The WEF has, of course, long been perceived by some critics as a cozy club for the global elite. It will therefore be ironic, for some, that these issues are being discussed as Davos hosts one of the largest concentrations of billionaires in the world.
Yet legitimate skepticism held about WEF aside, business elites at Davos can potentially play an increasingly large role in delivering solutions to global challenges and promoting a sustainable recovery post-pandemic. And this goes well beyond longstanding measures such as creating good new jobs and boosting investment in the economy while paying workers fair wages and benefits.
For some polling data shows that ― more than a decade and a half after the global financial crisis ― there is growing trust in business. Fairly or not, this contrasts with the way that many view a large number of politicians today, and indeed also the private sector too in the immediate aftermath of the financial crisis of a decade and a half ago.
Declining confidence in firms was one of the key legacies of that crisis. And that growing distrust in business was illustrated not just in polls, but also by significant protests, including the "Occupy Movement" which came to international prominence in Wall Street in 2011 in its campaign against social and economic inequality. The Occupy demonstrations, often driven by younger people, subsequently spread to around 1,000 cities and over 80 countries.

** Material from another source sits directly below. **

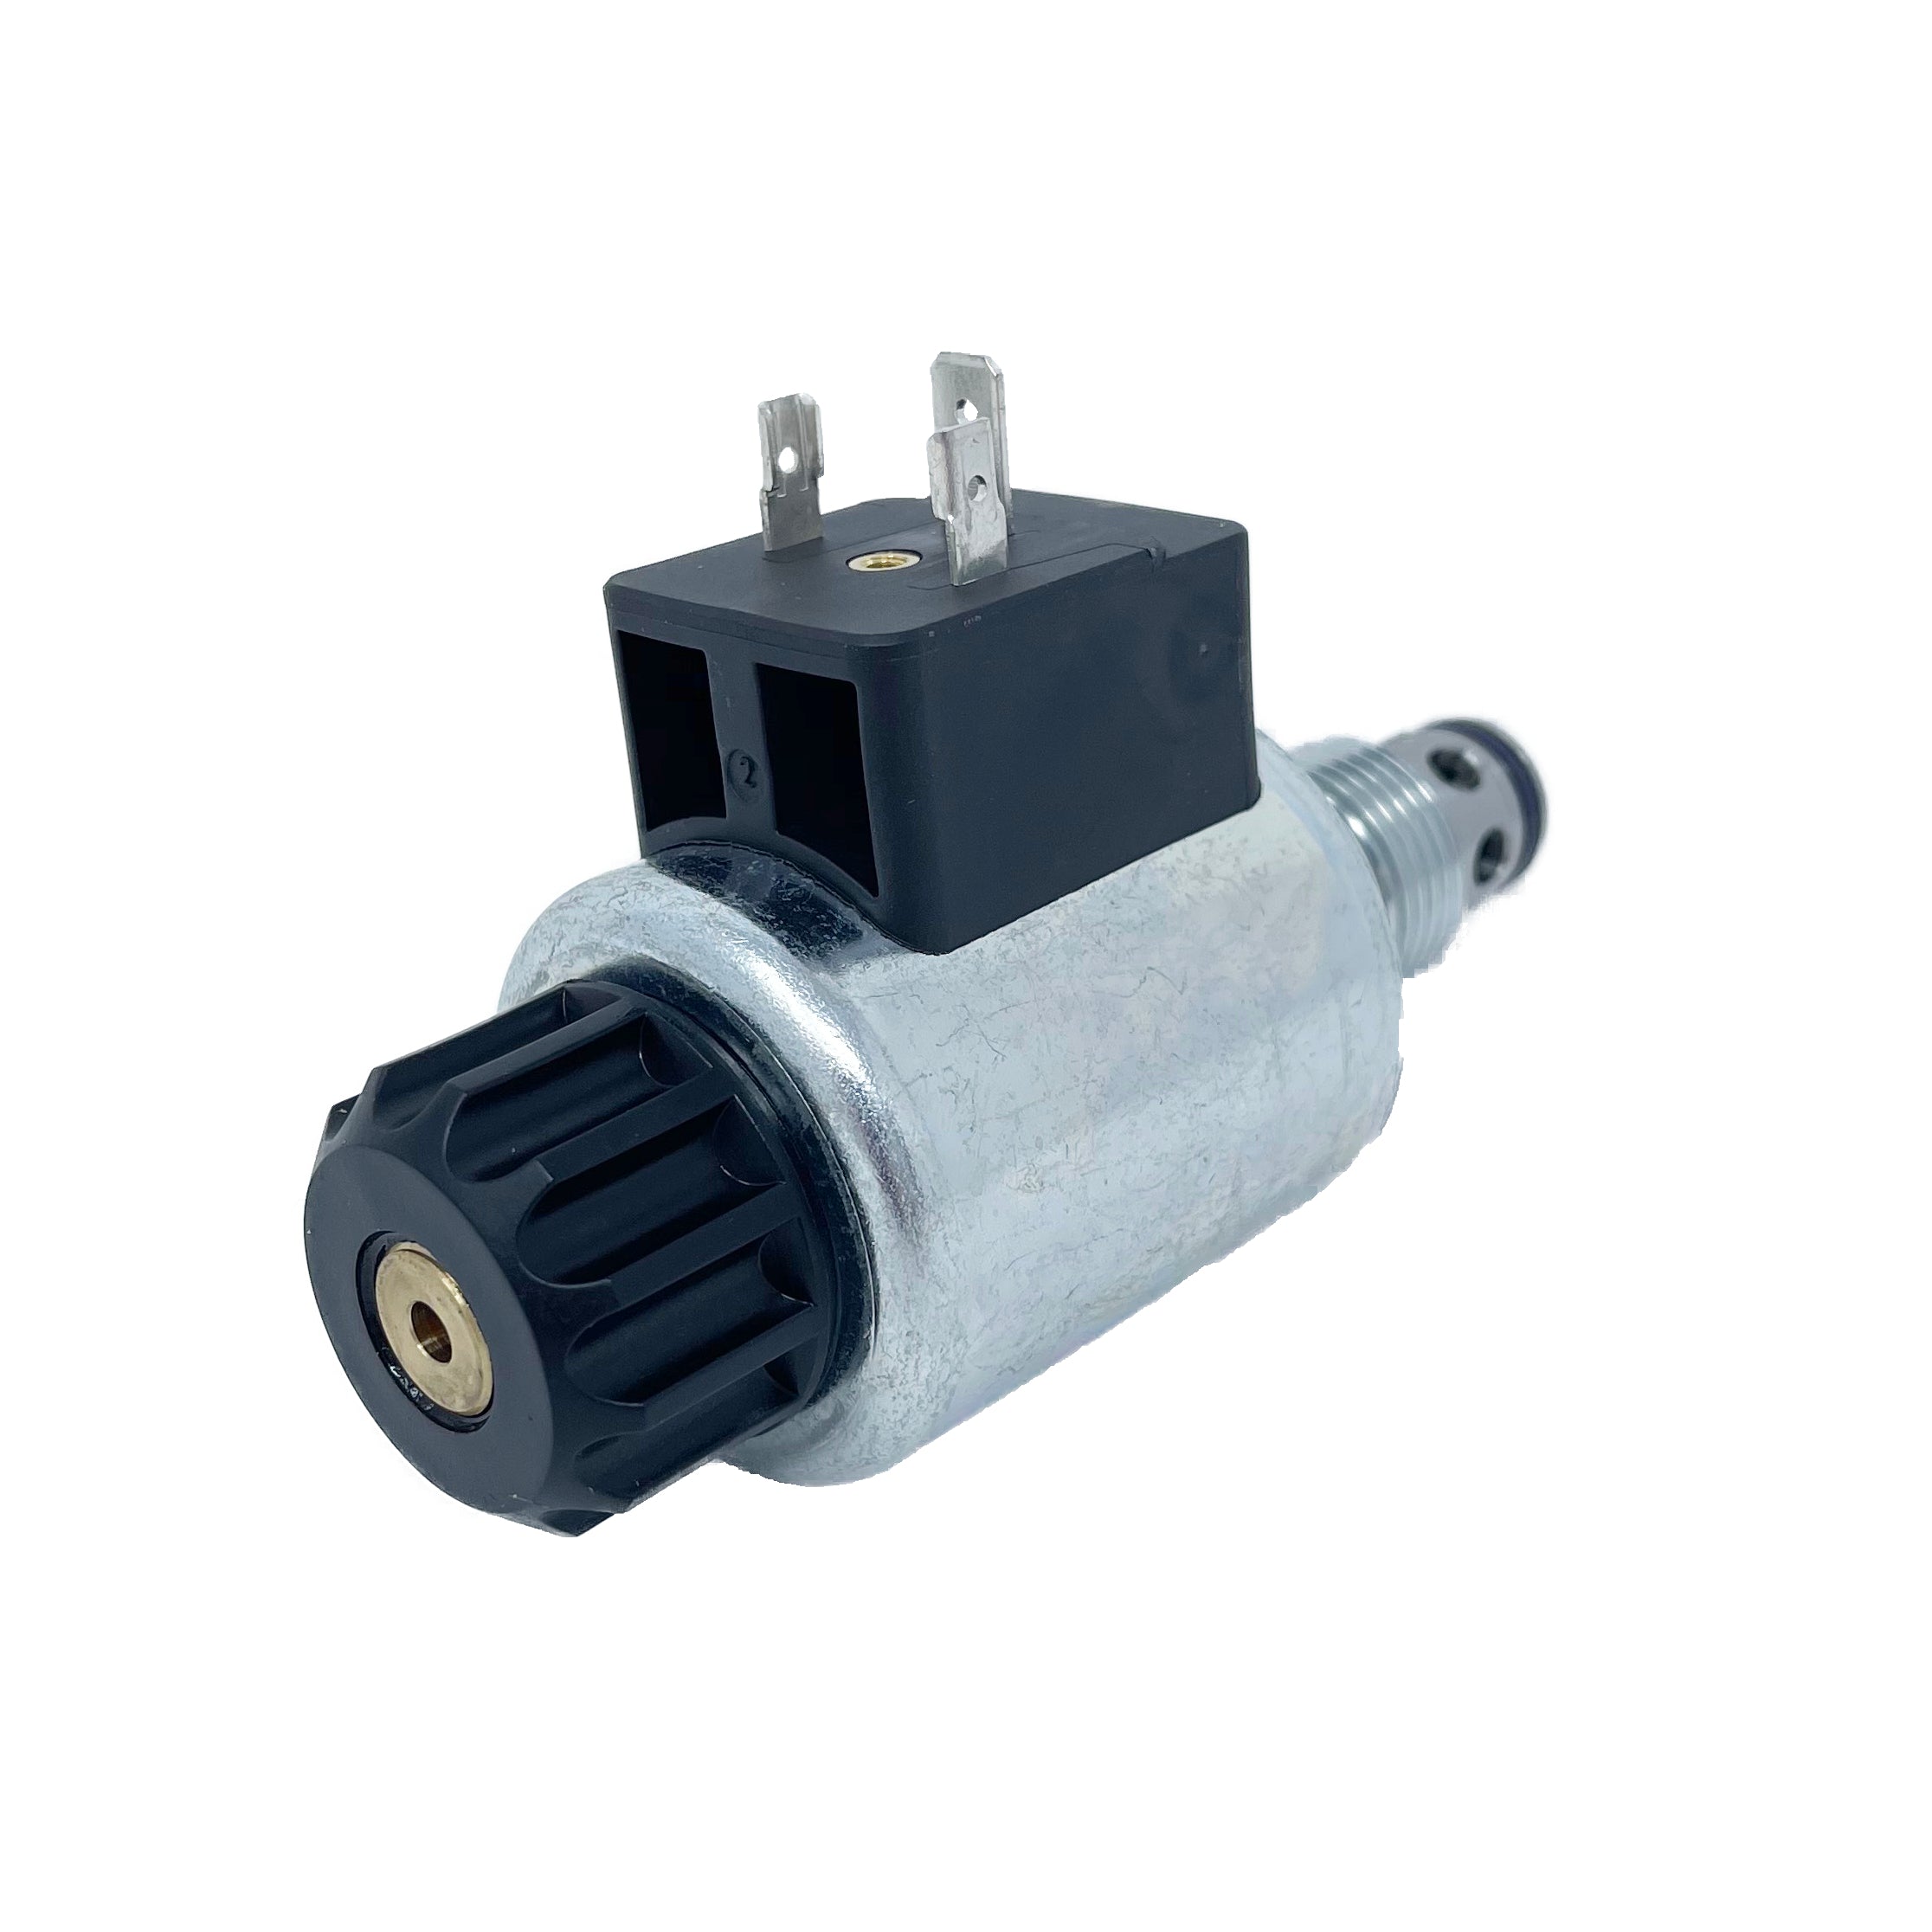 SD3E-B2/H2O2A12DIN : Argo DCV, 16GPM, 5100psi, 2P2W, C-10-2, 12 VDC DIN, Flow 1 to 2 Neutral

The potentially significant change in attitudes, since then, comes amid a wider rebound in perceptions of the private sector, on measures including competence and ethics. Increasingly, people expect corporates to play a greater role in society, including helping tackle the range of grand problems facing the world, including climate change and the obesity epidemic.
This shifts the paradigm popularized by Friedman toward one favored by Michael Porter.
Perhaps the key idea behind Porter's shared value concept is that corporate competitiveness and the health of society at large are mutually dependent and reinforcing. He argues that firms can therefore secure competitive advantage by creating value for society as well as shareholders by capitalizing on the connections between societal and economic progress, helping drive a new wave of sustainable growth for years to come.
Given the growing range of grand challenges facing the world, now is therefore the time to increasingly step up to the plate on this agenda. It is the time to walk the walk, not just talk the talk in the Swiss snowscape.